14 August 2010

Unit tests

A program that has not been tested does not work. The ideal of designing and/or verifying a program so that it works the first time is unattainable for all but the most trivial programs. We should strive toward that ideal, but we should not be fooled into thinking that testing is easy. […] Test strategies should be generated as part of the design and implementation efforts or at least should be developed in parallel with them. As soon as there is a running system, testing should begin. Postponing serious testing until “after the implementation is complete” is a prescription for slipped schedules and/or flawed releases.
The C++ Programming Language, Bjarne Stroustrup

Like many people I've found unit testing to be a useful technique for raising the quality of the code I work on. What I learned when I started using unit tests was that they are not just a means to expose bugs - they have a wider positive influence on the code. More anon.


An example


Say I need to extract the CPU clock speed from the processor name embedded in the chip. So I want something like this

    extract_mhz("Intel(R) Pentium(R) 4 CPU 1.70GHz")

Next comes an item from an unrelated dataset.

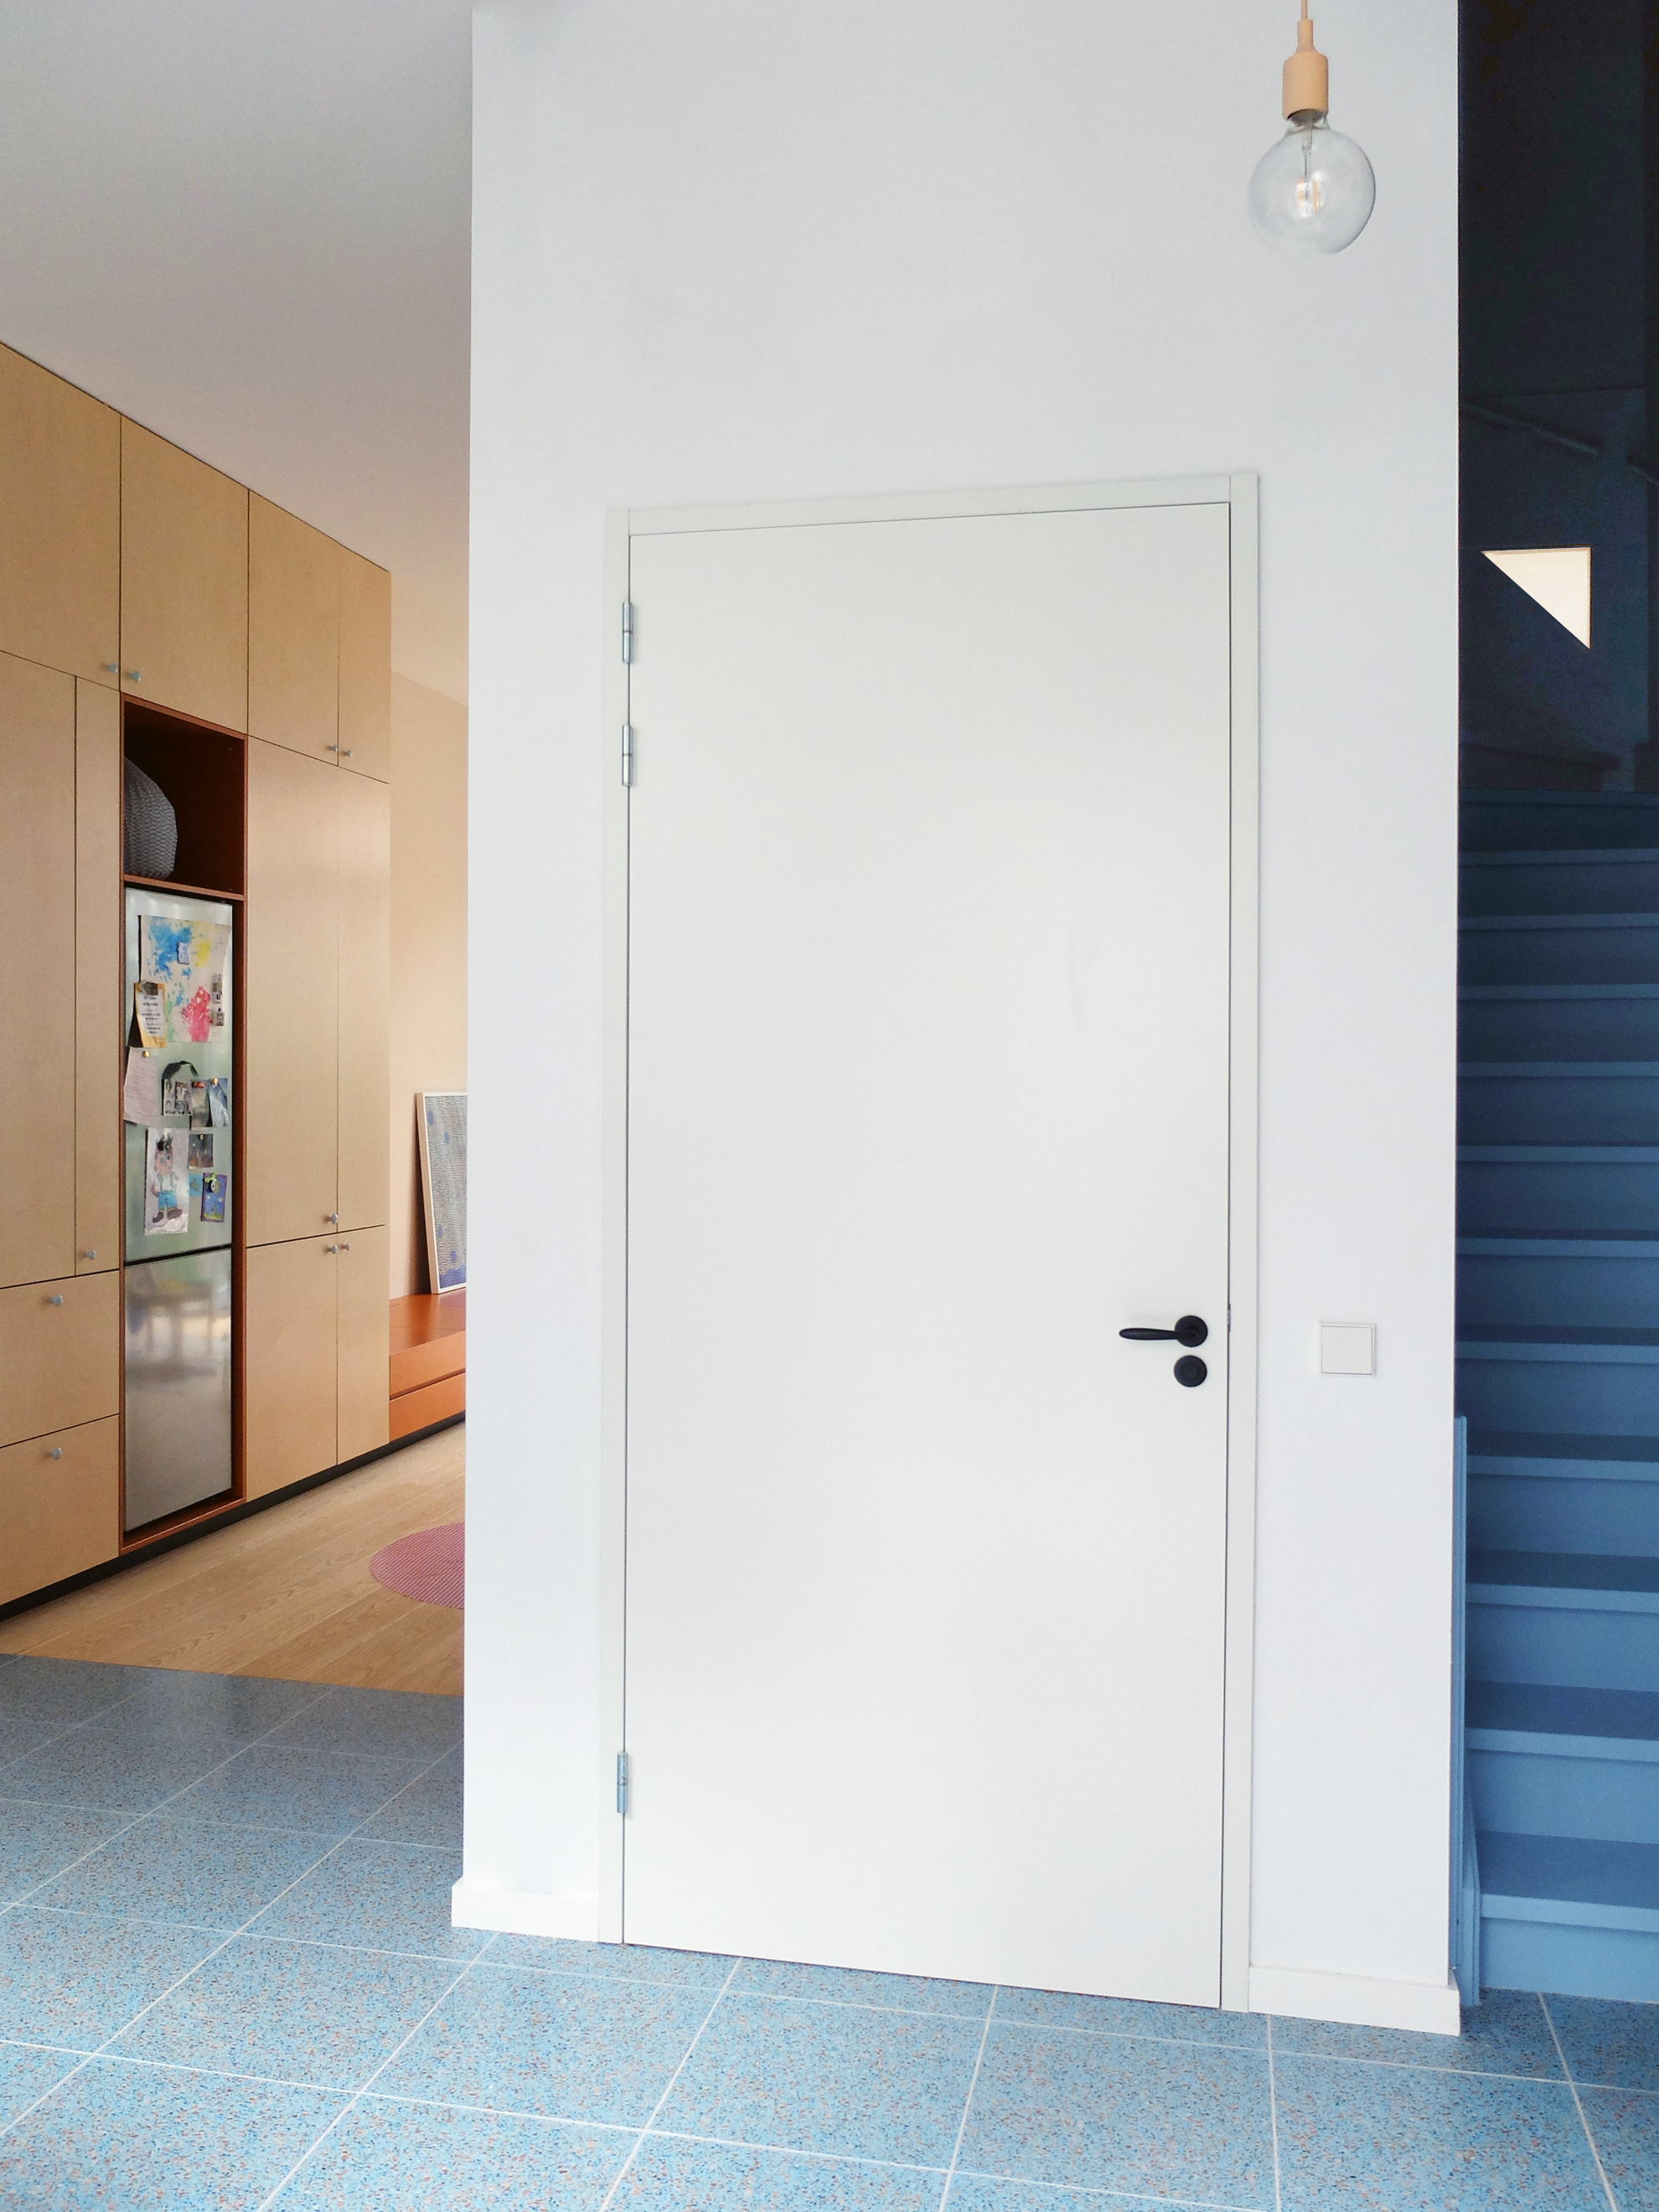 <p>Royale binnenkomst doordat keuken en hal in elkaar overlopen – foto: LAGADO architects </p>
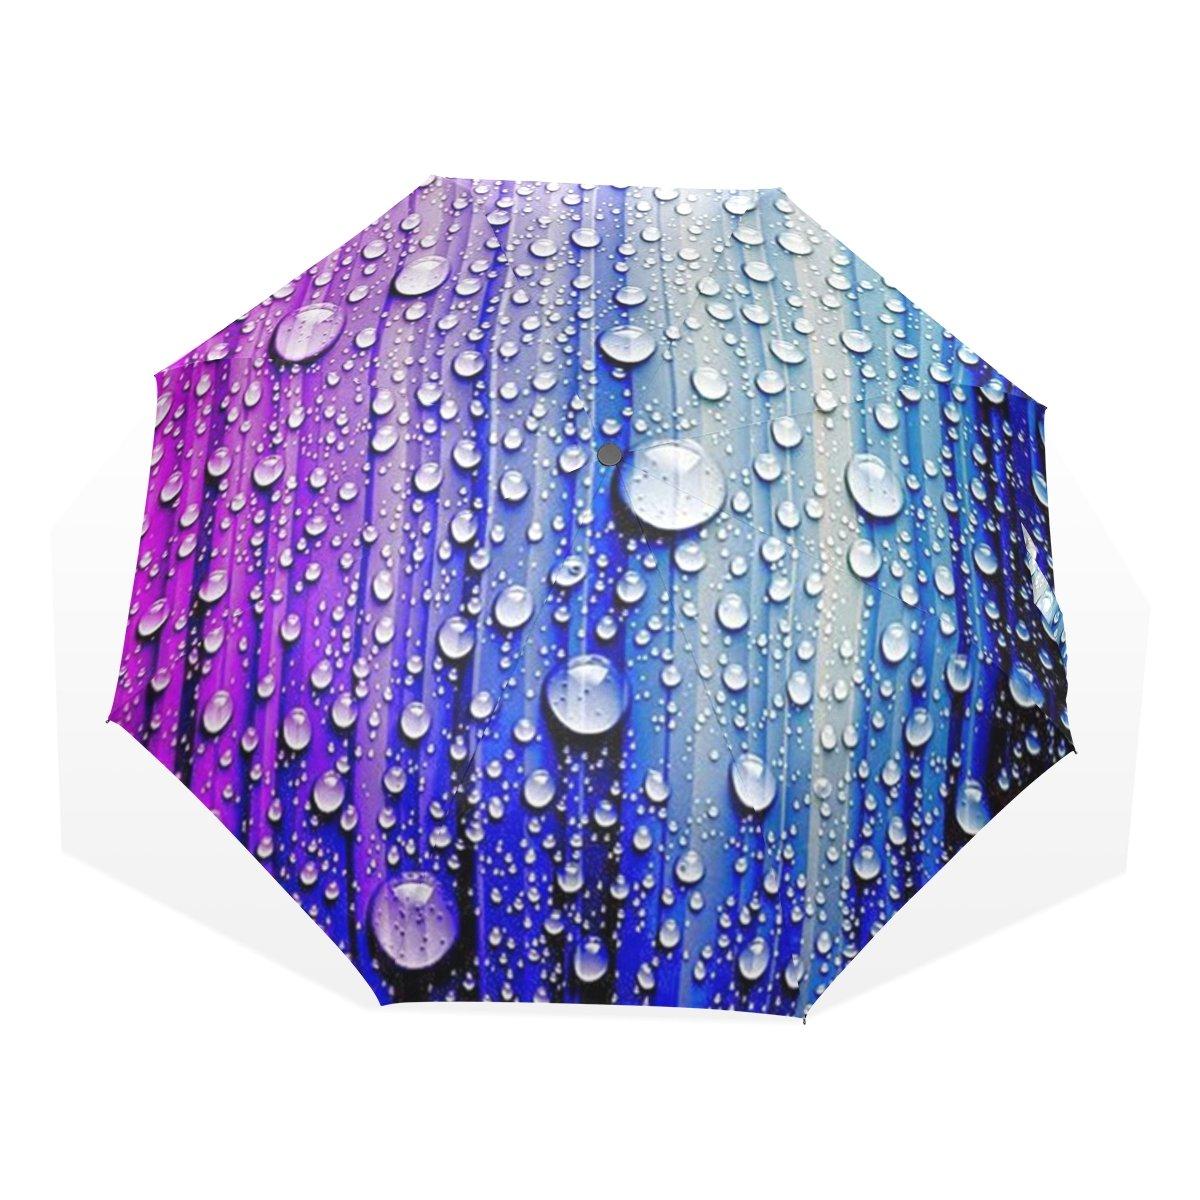 leisisi耐久性ポータブルコンパクト折りたたみ傘防風UV保護傘 B076ZV4S29umbrella-3

to return the value 1700 (meaning 1700MHz). So I code this function and then I think about how to test it.

To test this function I might want something like this

   TEST_EQUAL(extract_mhz("Intel(R) Pentium(R) 4 CPU 1.70GHz"), 1700);

This line would most likely be in a function called from main() in a standalone unit test program. When the program finishes it says something like “tests executed 1, tests failed 0". If the function doesn’t produce the expected value the unit test app tells me there has been a failure and gives the module name, line number, the expected value and the actual value.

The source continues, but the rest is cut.